Given data –
——————
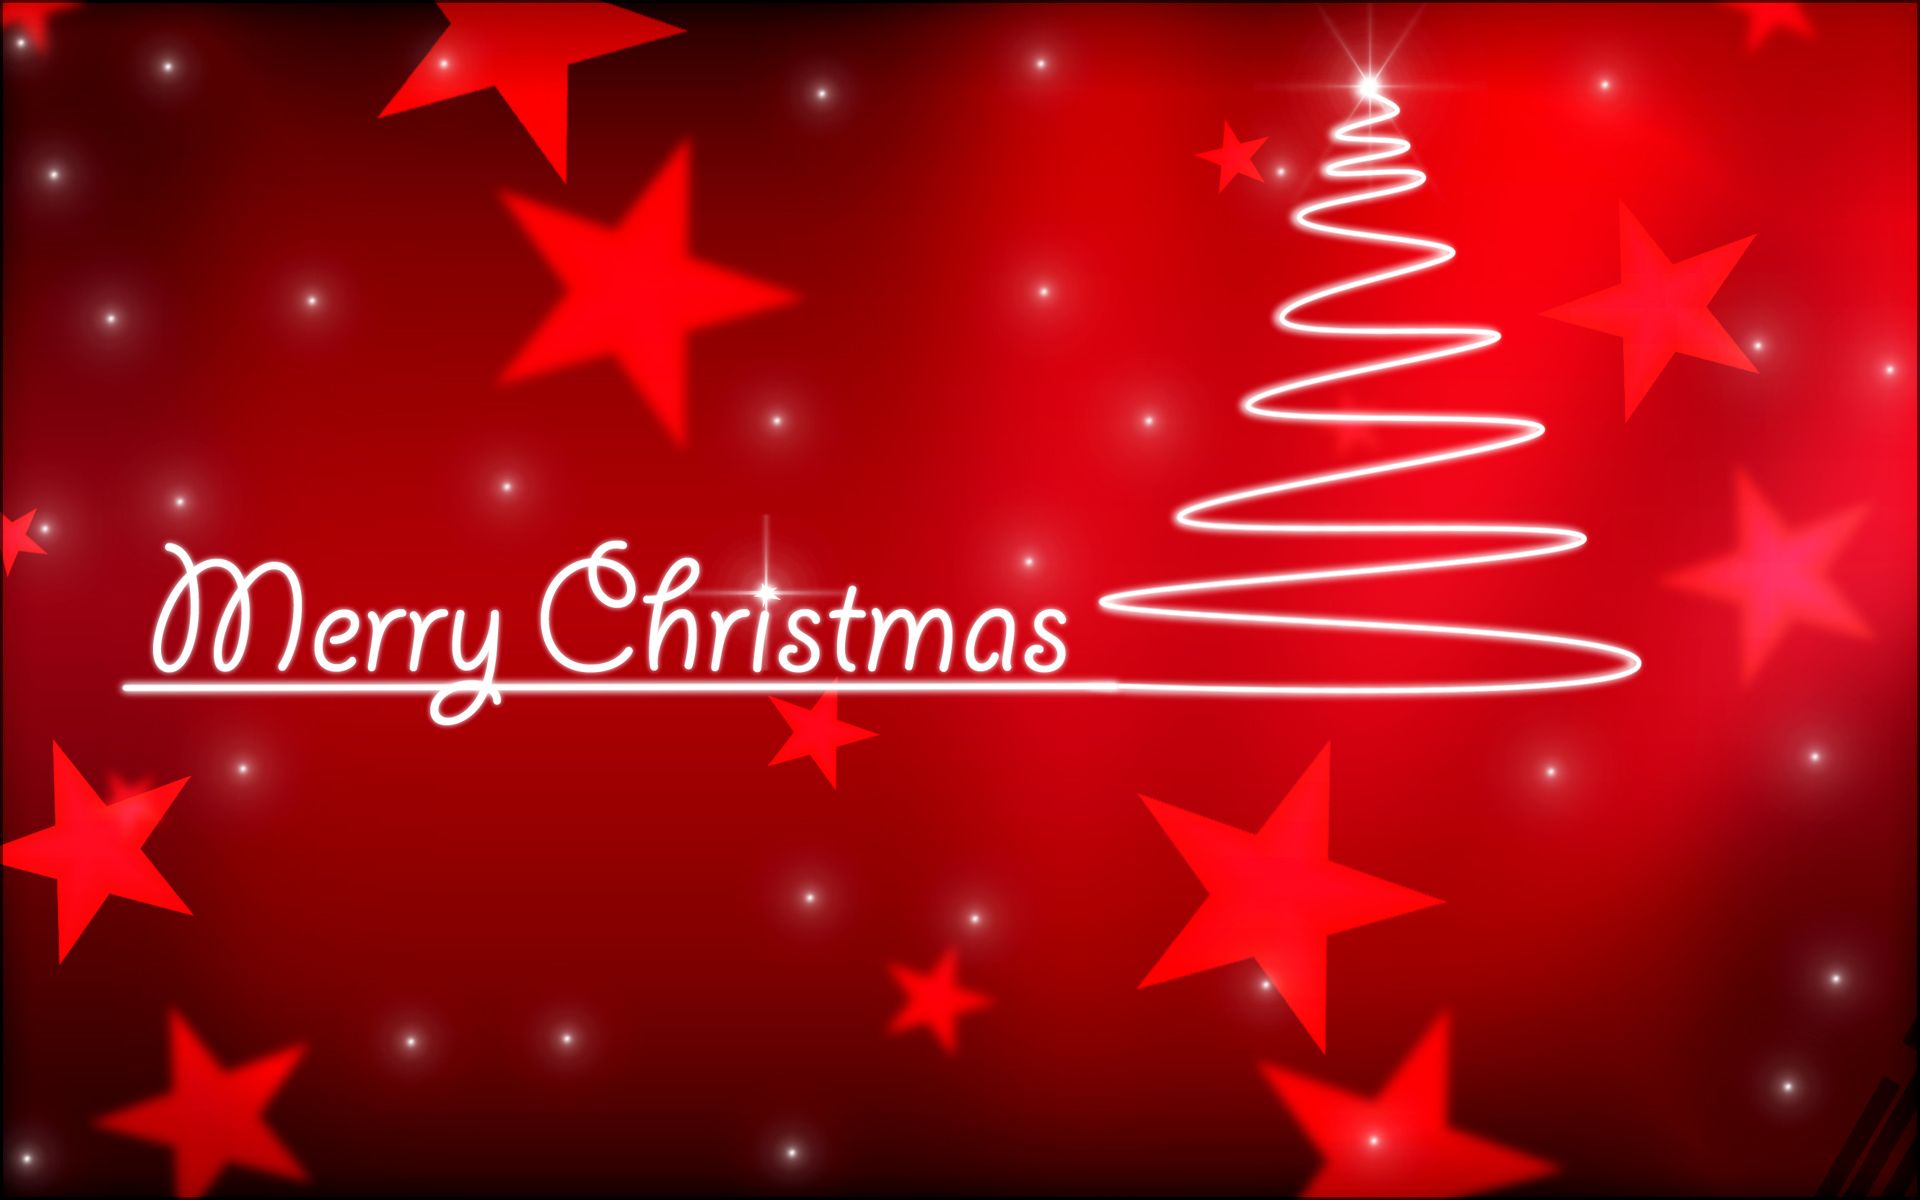 Merry Christmas wallpapers red 2015 free download | Wallpapers ...
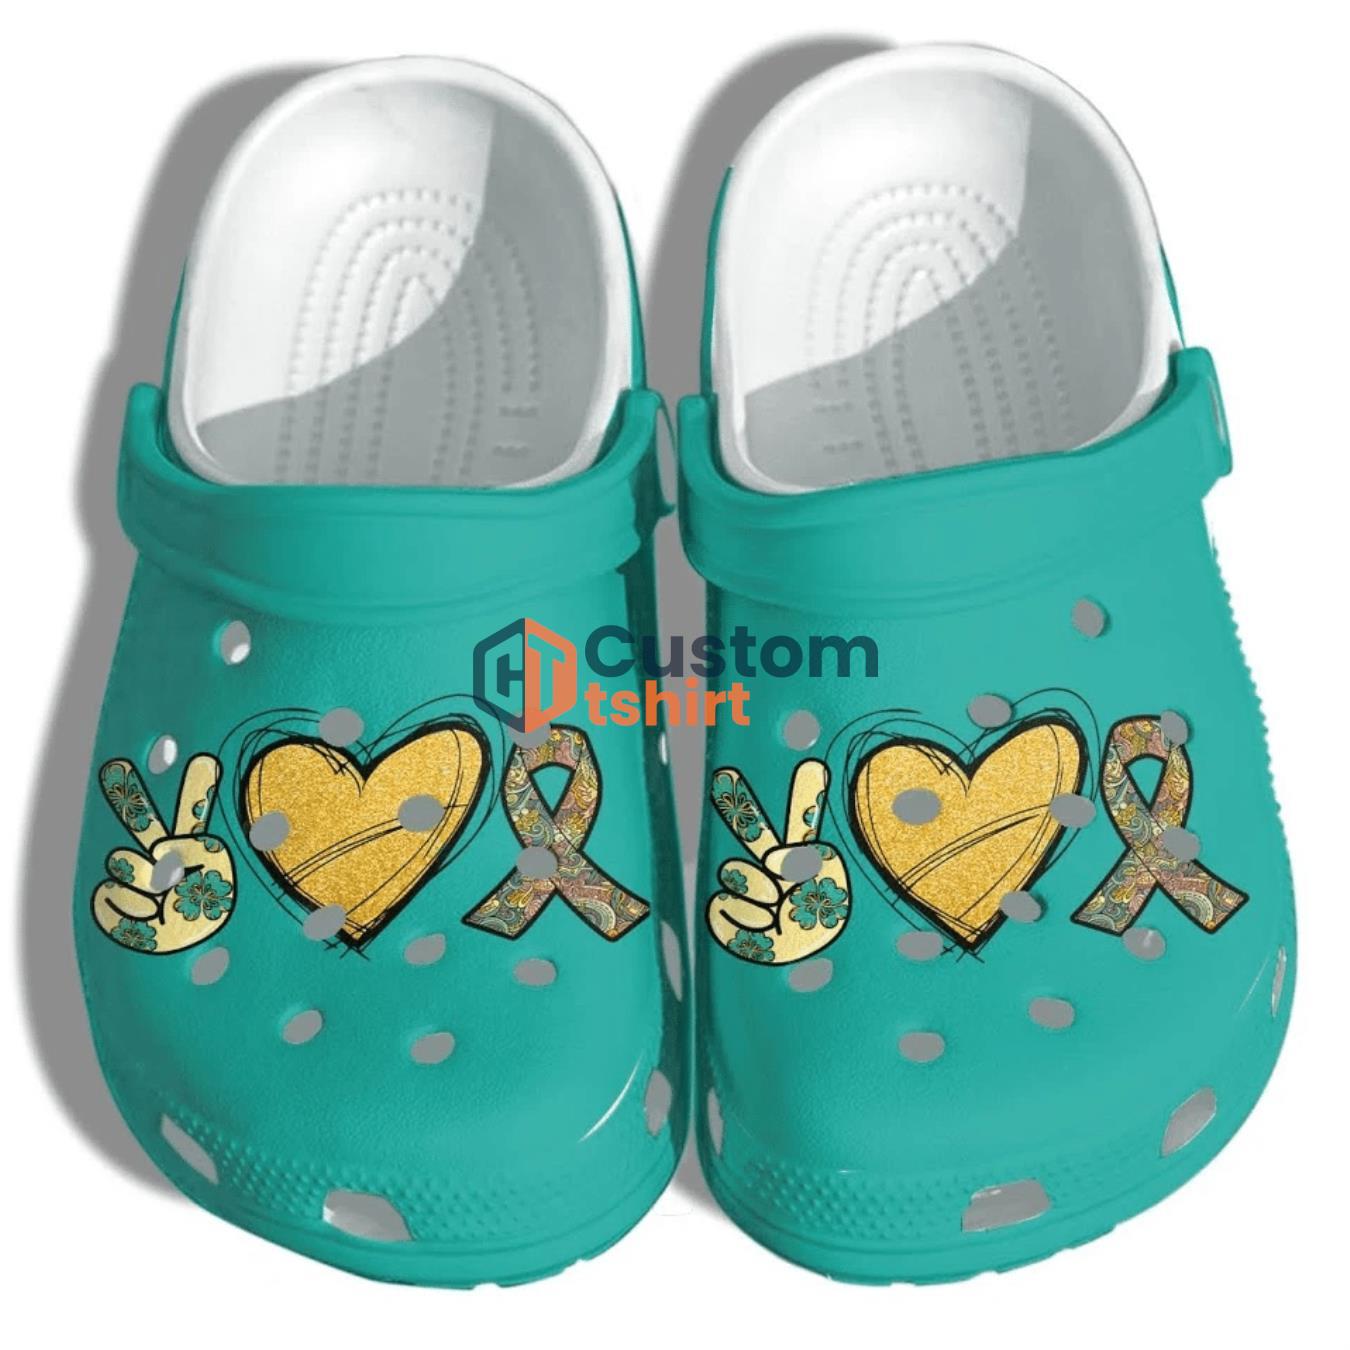 Peaces Hippie Love Clog Shoes - Hippie Cute Love Clog Shoes Gifts Daughter Girls Product Photo 1 Product photo 1
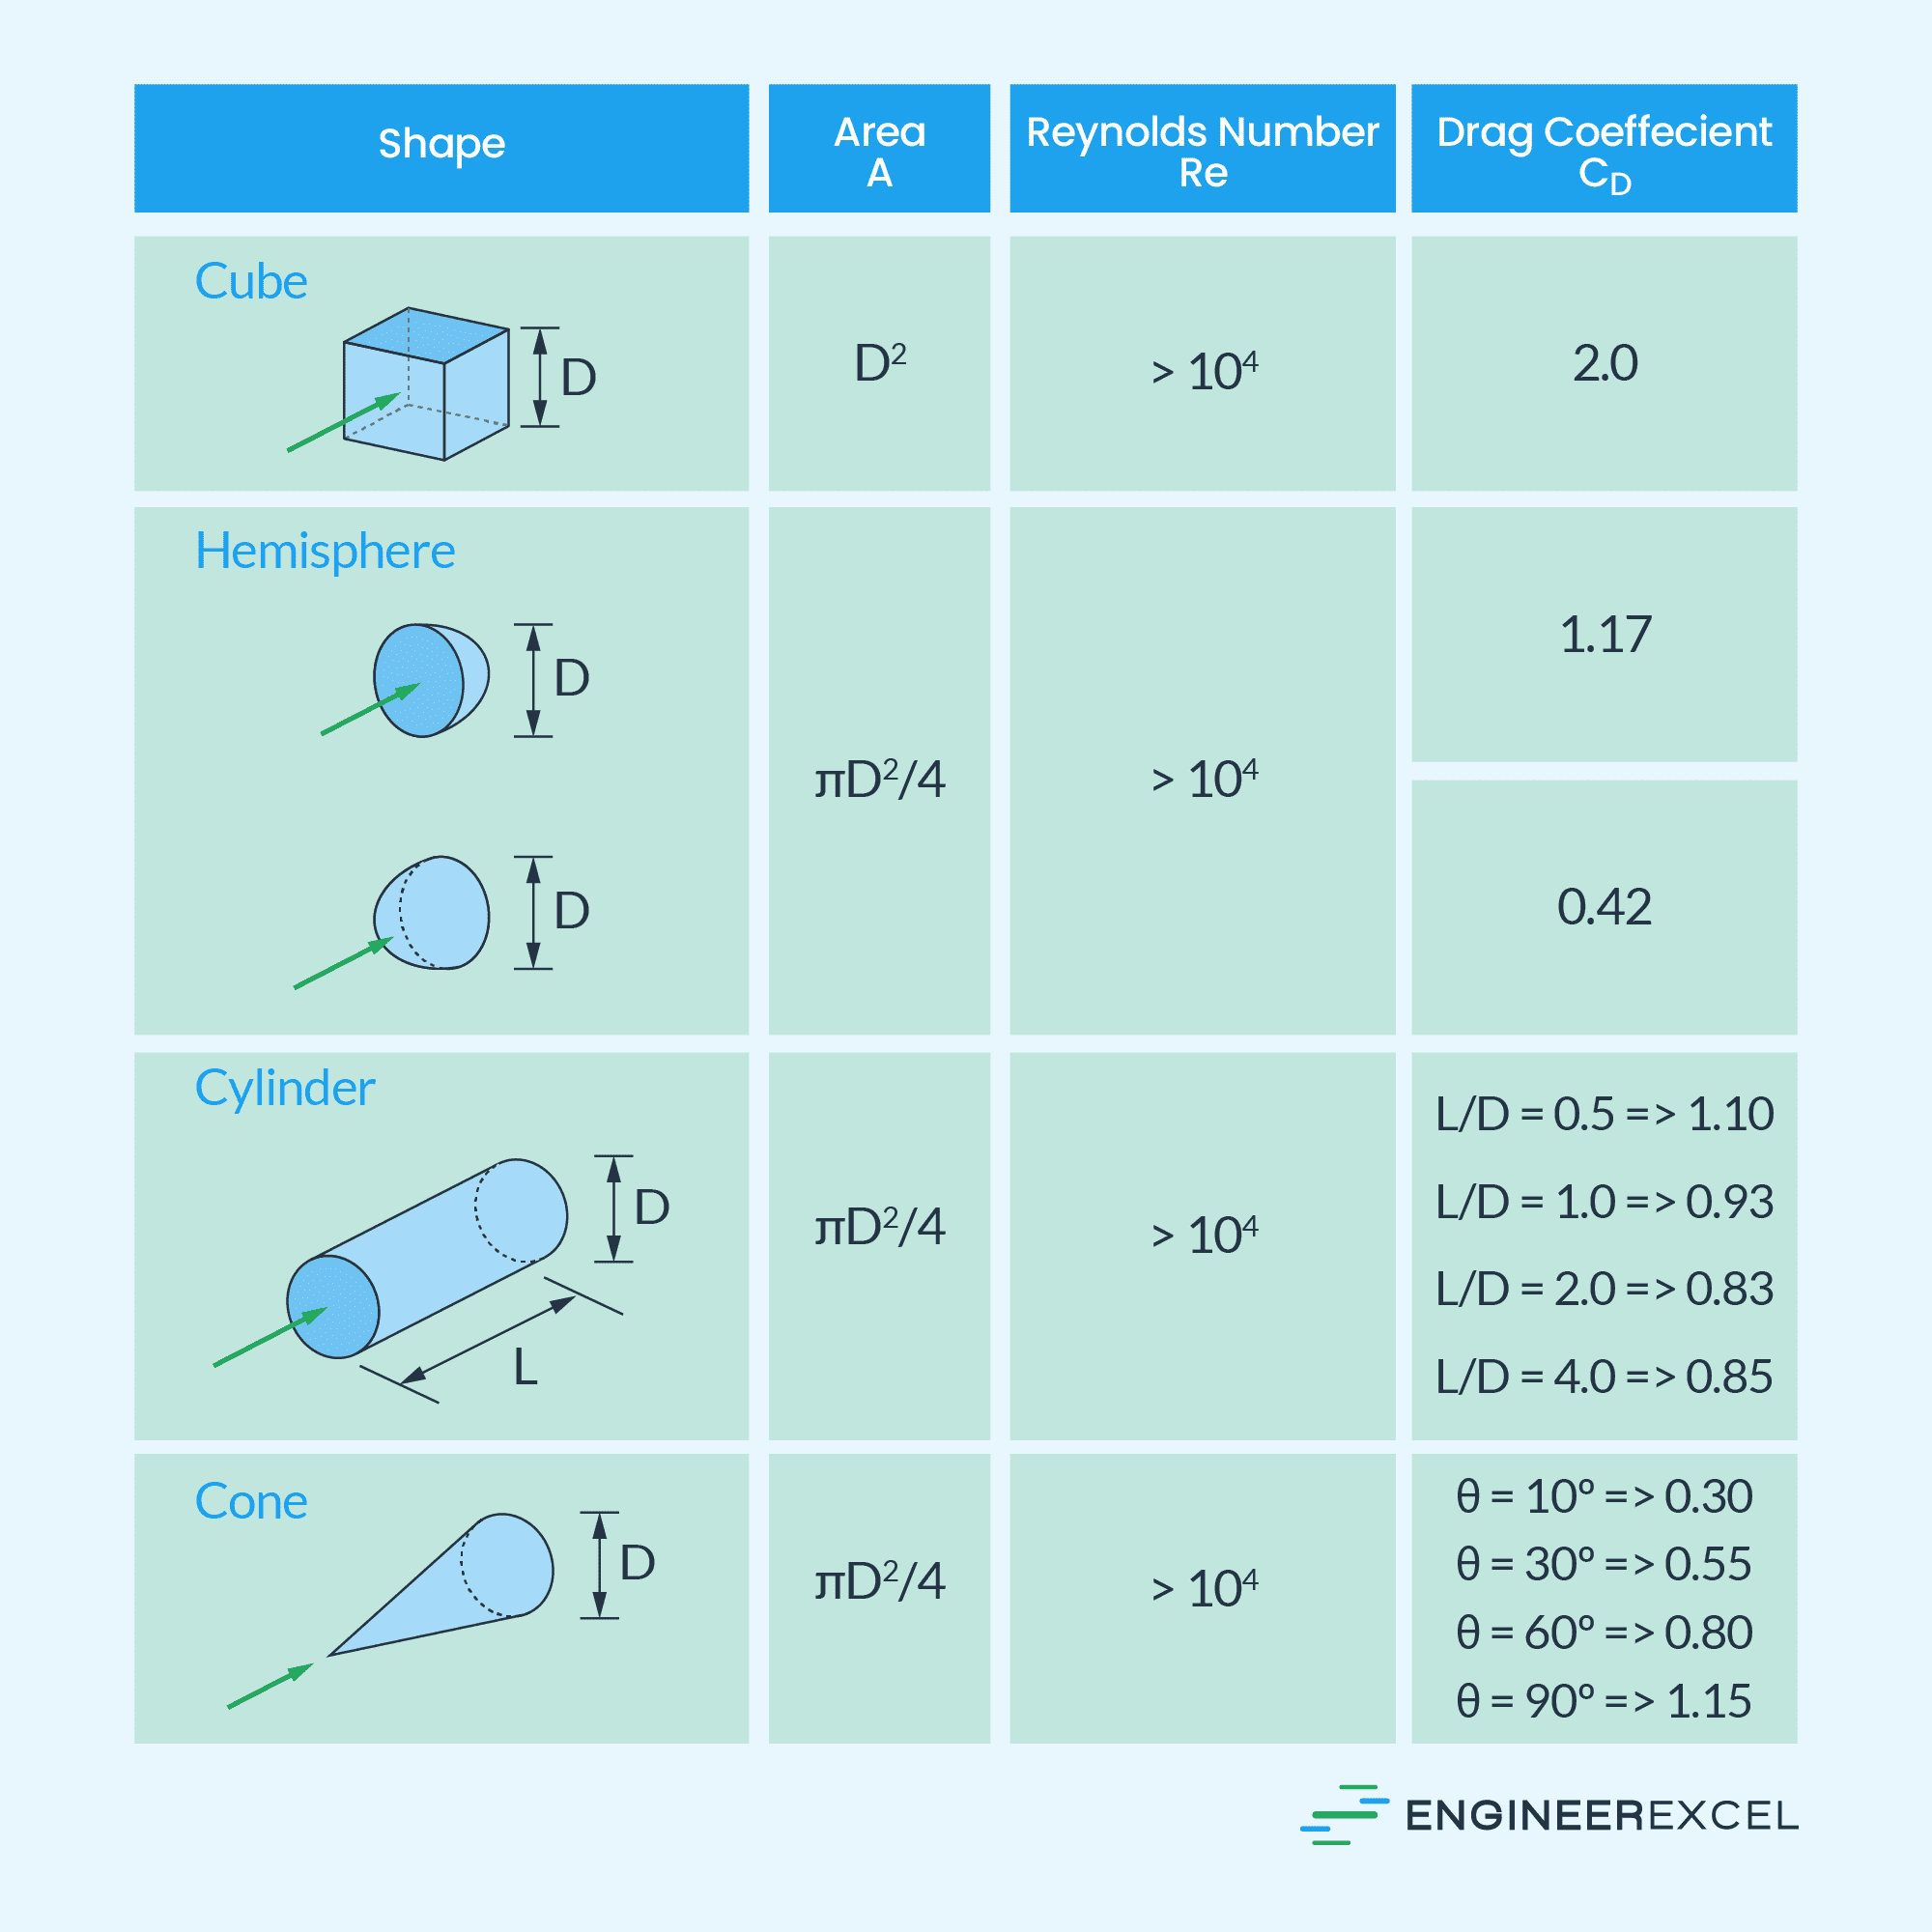 Estimated drag coefficient values for three-dimensional bodies
——————
Activity –
In transcribing the lines above, omit the images and keep all else exact.

Written answer –
 Merry Christmas wallpapers red 2015 free download | Wallpapers ...
 Peaces Hippie Love Clog Shoes - Hippie Cute Love Clog Shoes Gifts Daughter Girls Product Photo 1 Product photo 1
 Estimated drag coefficient values for three-dimensional bodies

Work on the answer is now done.